(Source material)
▼

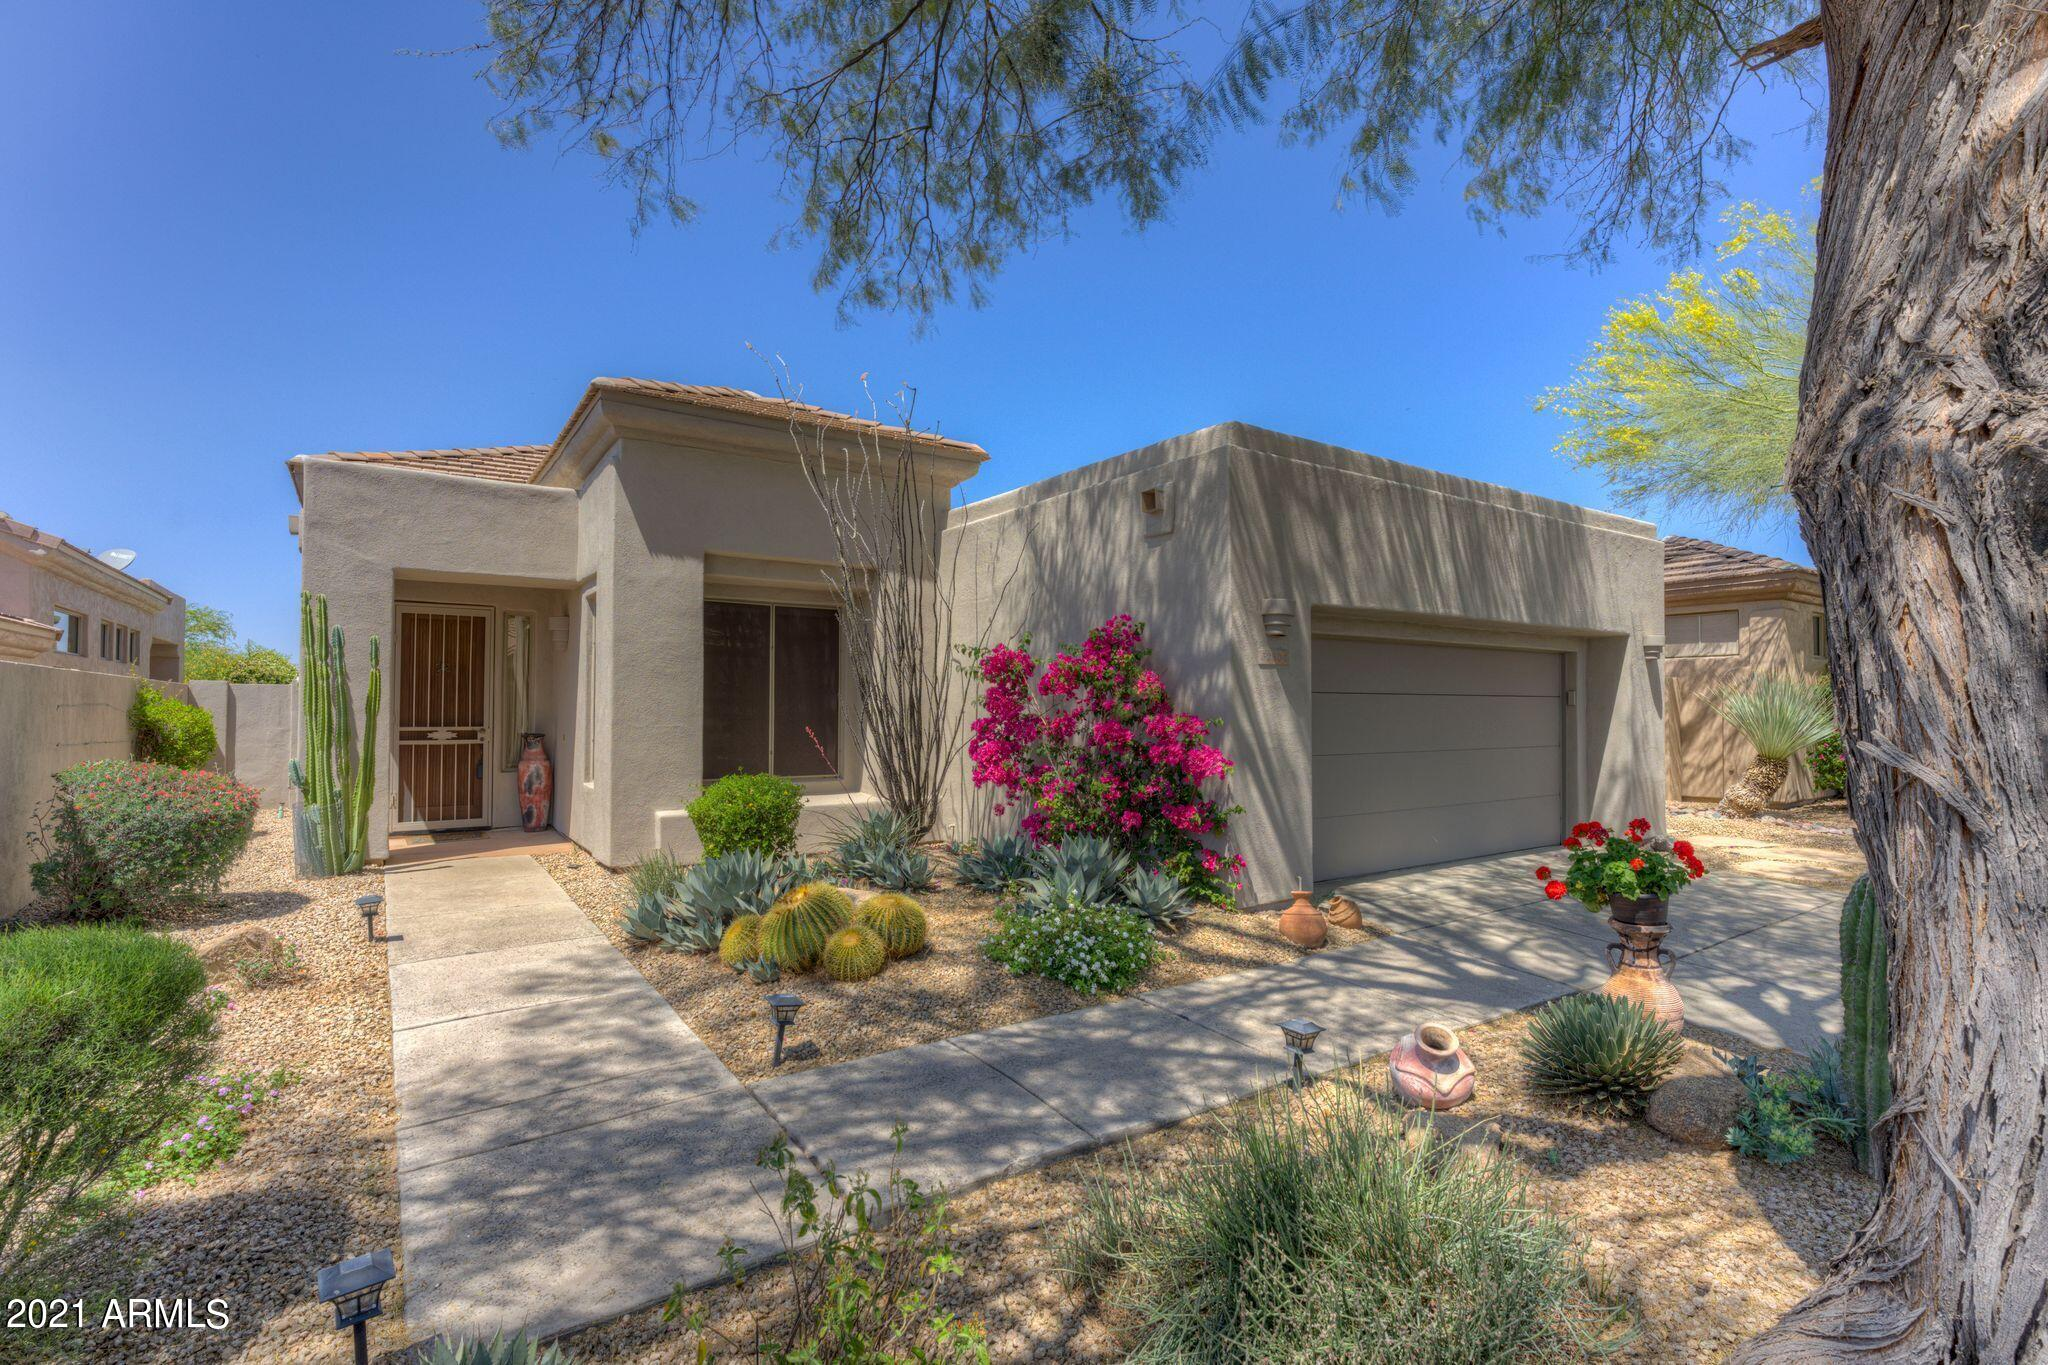 32804 N 69th Street, Scottsdale, AZ 85266, 3 Bedrooms Bedrooms, ,Residential Lease,For Rent,32804 N 69th Street,6246523
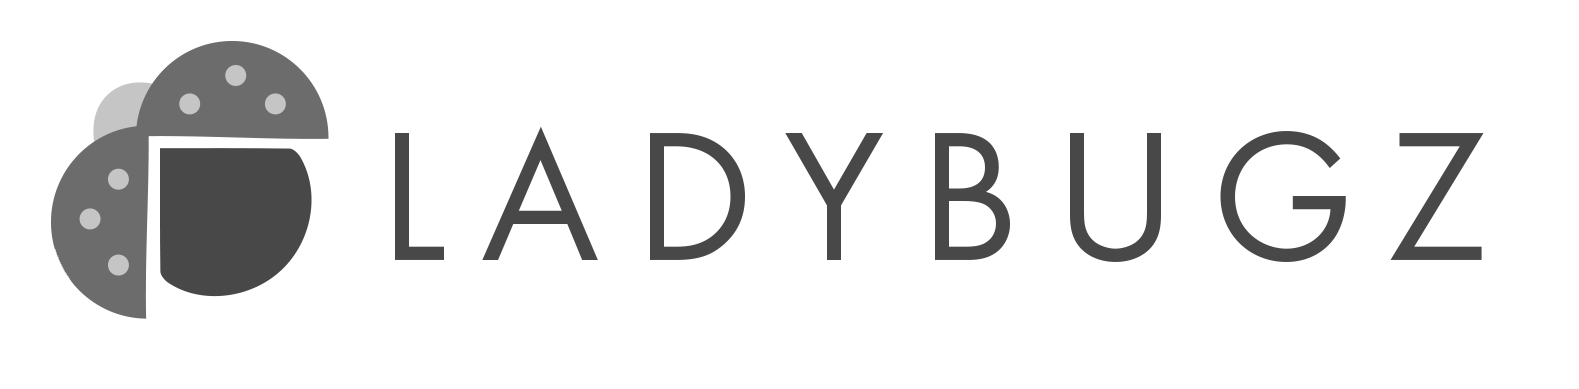 Ladybugz.png
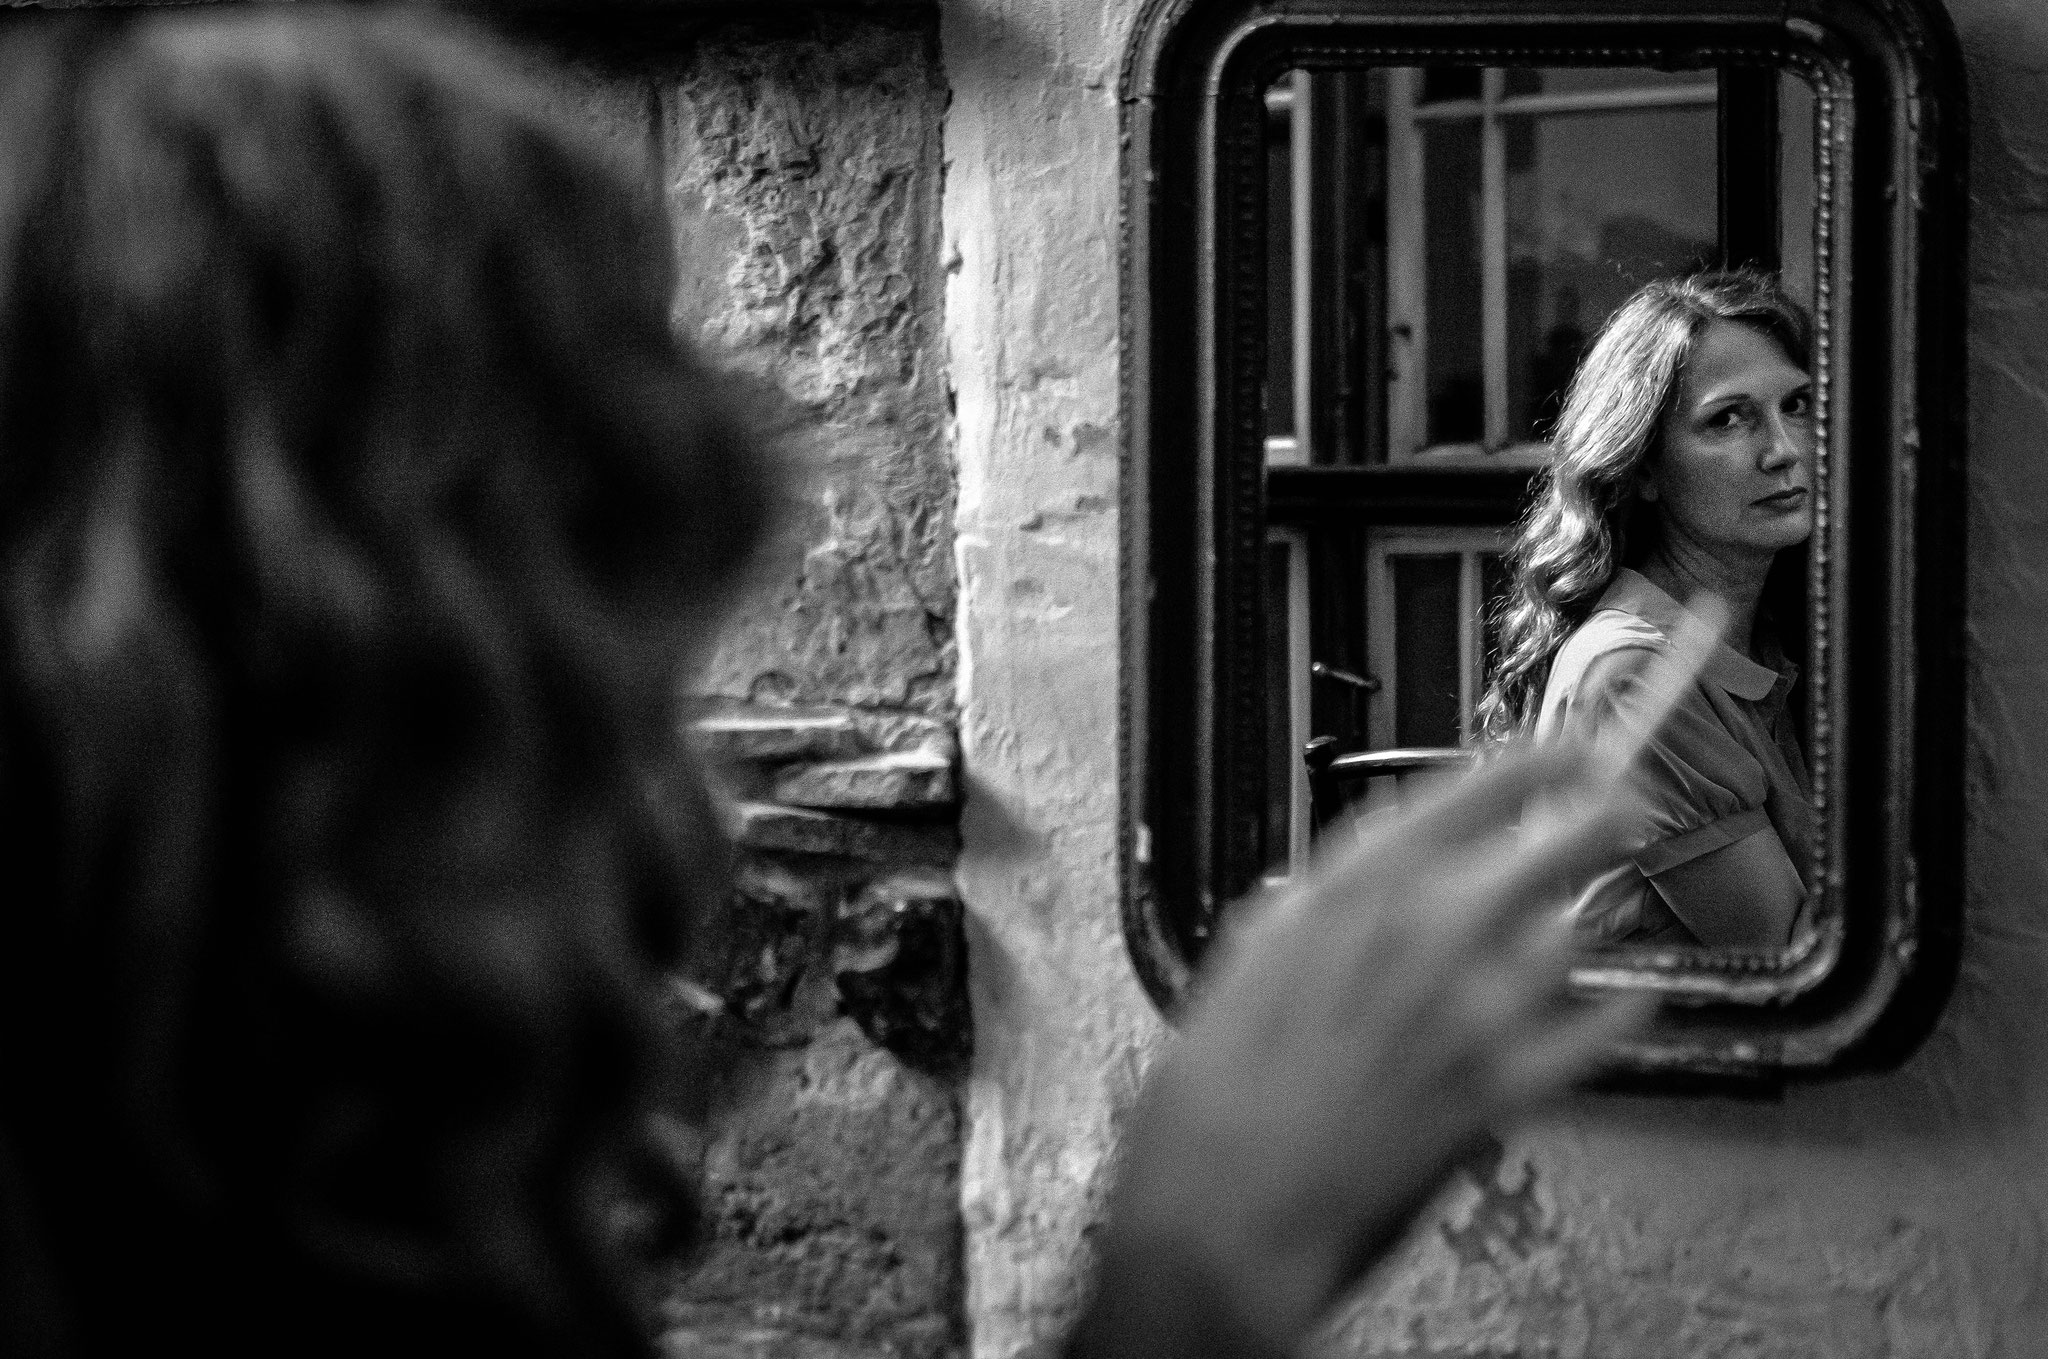 Dusan Kozoderovic (Serbia) - In the mirror

▲

(What you have to do) Print the whole listing again exactly, please. No pictures.

(Expected answer)
 32804 N 69th Street, Scottsdale, AZ 85266, 3 Bedrooms Bedrooms, ,Residential Lease,For Rent,32804 N 69th Street,6246523
 Ladybugz.png
 Dusan Kozoderovic (Serbia) - In the mirror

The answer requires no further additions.